I love love love the section from the top of the escarpment to Duncan Canyon. The high country is beautiful with amazing views and wild flowers! It made me wish I had brought a camera. I focused on eating and drinking to stay on track. I stopped to refill my Nathan pack at Lyon Ridge. The volunteers are amazing! There are so many people helping with this race and they come forward to meet you and offer help! Aid stations are well-stocked with everything you need.
When I was about 2 miles from Duncan, I realized I was out of water. I met my crew/pacers, Cindy Lynch and Christy Baker from RunningSkirts.com and they got me in and out like a pit crew. I picked up my hat and bandana with ice in them, dumped some ice in my bra, and soaked my long sleeve shirt and headed out, a little frazzled, but still in a good mood.
I forgot about the climb from Duncan to Robinson. It’s a decent climb that no one really speaks of, but it is a climb nonetheless. I soaked in a pool of water just long enough to get really wet. Once I got to Robinson Flat, I saw my husband. I told him I knew I was behind where I was in 2013. He reminded me to enjoy the day and stay within myself. I still had a long way to go. I had a rough time from Robinson to Miller’s Defeat and hiked quite a bit in that section which was really runnable. I was a little stressed that I wasn’t taking advantage of the running portion and knew I need to figure out why. I did an inventory of why I didn’t feel right and decided I was low on electrolytes. I guess I wasn’t taking enough Fizz. I got some S-Caps at Miller’s Defeat, iced down, and started feeling better again. I congratulated myself for correcting my hydration/electrolytes before it got out of hand.
I fell again somewhere in the 30‘s, but was lucky to fall in a soft leafy area. So, I still felt good body-wise, and was singing happily to my ipod now. Cindy and Christy met me at Dusty Corners and sent me off with a Oatmeal/Peanut Butter/M&M Cookie that Christy makes! I also grabbed some pickle juice (no S-Caps), re-iced, re-soaked from the aid station dousing stations, exchanged gear and was back on my way.
What goes down, must come up or vice versa. I love all the downs, but knew what was coming. I got in the river before the climb to cool off. Devil’s Thumb is the worst climb on the course in my opinion. I climb slow, but I am even worse the steeper the climb gets. Devil’s Thumb isn’t super long, but it is steep for me. I hiked as best as I could, getting passed by about 5 guys. At the top, I was excited to meet Dave Mackey for the first time. He was working at the aid station. I refilled my pack and was on my way. Back down to El Dorado Creek. I got wet with sponges at the aide station, re-iced everything and headed back up. The climb up to Michigan Bluff is easier for me because it’s not as steep. Only one guy passed me on this climb. About half way up the climb, I was privileged to see a deer just standing on the trail. I stopped briefly and watched him until the next runner caught up to me and scared him.

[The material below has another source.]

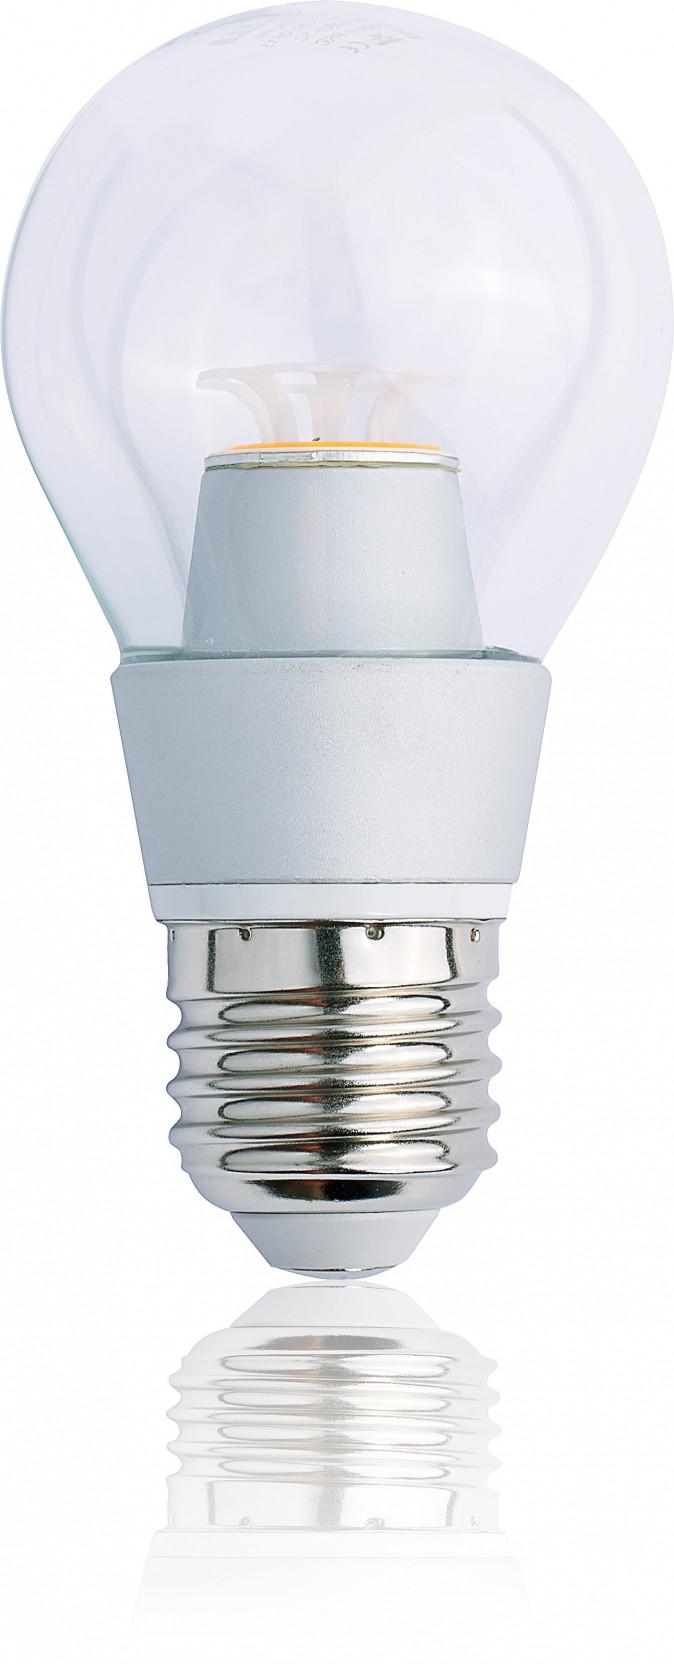 TESLA LED BULB 5W E27

Eventually, I made it to Michigan Bluff and didn’t see my husband. I saw Bob Hearn, gave him a hug, and asked if he saw my husband. He ran up and down the street, but didn’t see him. I ran back to the aid station, refilled my pack and grabbed some gels since I wasn’t getting to just exchange one Nathan vest for the one my husband was supposed to have for me. I got halfway up the road and my husband appeared. I was mad. Where had he been? Whatever. He asked me if I wanted to change packs. I said no, just trade gels with me. Then, I was on my way. I excitedly headed down the road knowing I would soon have company with Christy or Cindy at Bath Road. At this point, I knew I was about 30 minutes behind my 2013 time, but knew if I kept doing what I was doing, I would be into Foresthill under 14:00 hours, leaving me 10 hours to get my sub-24 at the finish.

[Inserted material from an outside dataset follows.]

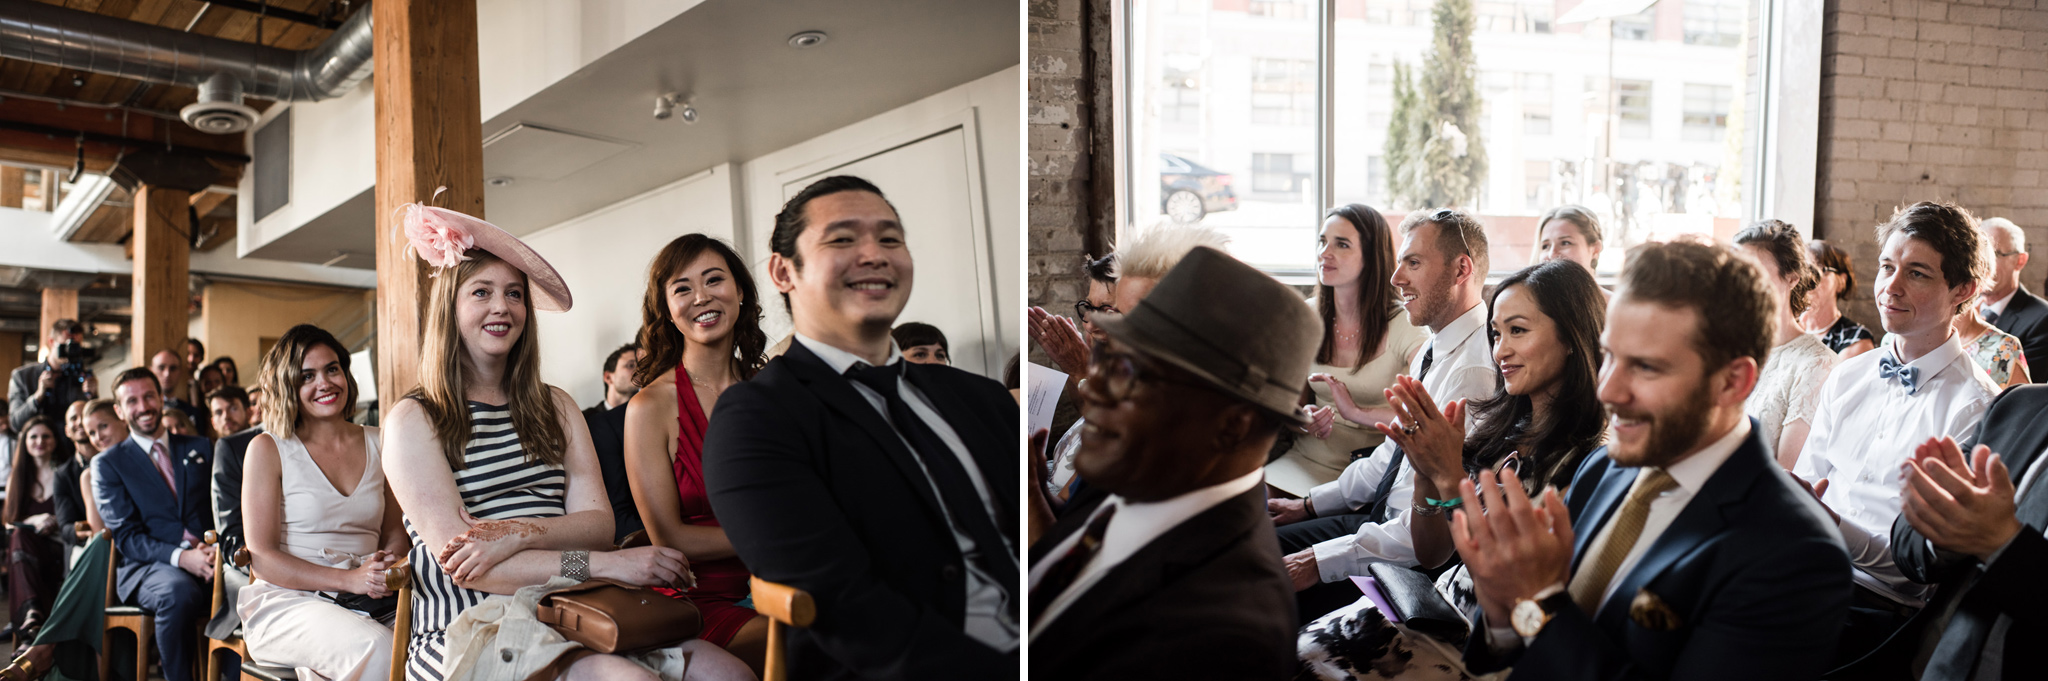 070-wedding-ceremony-reception-recessional-bride-groom-exit-photographer.jpg

Yeah! Cindy and Christy!! Woot! Woot! I felt okay at this point and asked what place I was in. They said 20-something. They gave me the update on what girls and guys were in what place and how everyone was doing. It was exciting to hear Courtney and Jim were leading. 20-something took off any pressure. Focus on the sub-24. We hiked up Bath and started running into Foresthill. I got doused with water at the aid station and ran a bit up the road to a spot where my crew had set up. They had the noodles I had requested from the Chinese place. I ate a bunch of them, exchanged packs and was on my way.

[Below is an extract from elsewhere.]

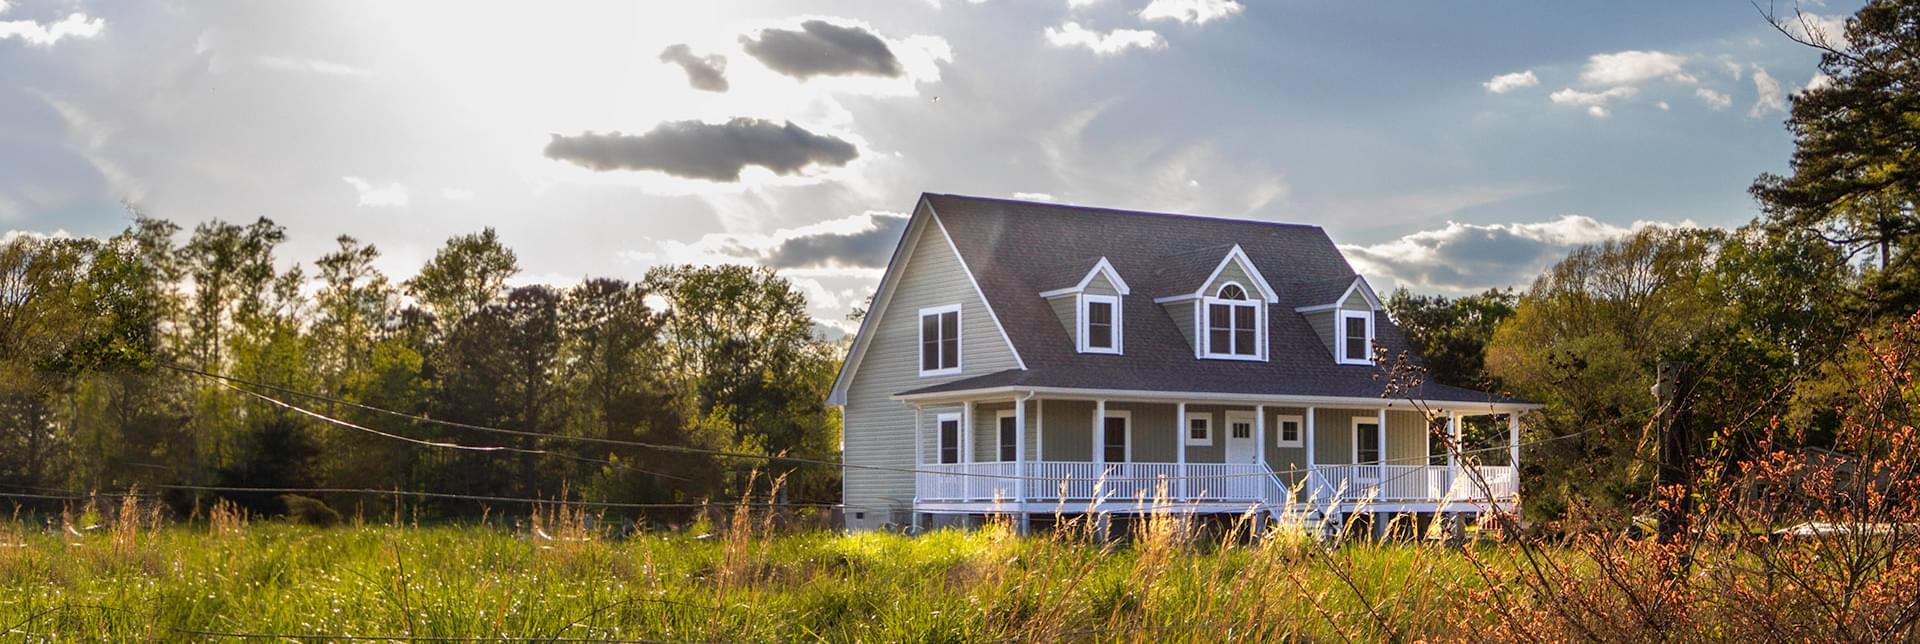 New Homes in Charles City County VA

In 2013, I hammered the easy downs and ended up vomitting a bunch. I knew I needed to take it slower. I ran easy, but my belly started to feel off. I thought, oh no, not again. We ran easy, but my belly pain was awful. There was a rattlesnake on the trail that a pacer warned us about. We went around it. At this point, I hadn’t put any food or fluids in since we left Foresthill. I needed to hike to see if I could get my belly back. All of that section from Foresthill to Peachstone is a bit of a blur. I just knew that my sub-24 hour was slipping away. About 1/2 mile from Peachstone, I sat down on the trail. The next thing I knew, I was laying down on the trail and Cindy was helping me back up. She had her arm around me and someone from the aid station came to meet us. I don’t really know the exact course of events. We walked to the aid station and I sat in a chair. Next thing I knew, I was lying in a cot and a doctor asked me if I remember passing out. I did not remember it. They took my blood, said I was super dehydrated and let me nap. I wanted to quit. They told me it wasn’t a good place to drop because it was hard to get out and would have to wait until 3am when everyone left and they broke down the aid station. When I woke up, they said I looked better and had color back in my face. I was there at least 30 minutes. I was told the next aid station was 2.5 miles away. I was hoping I could drop there.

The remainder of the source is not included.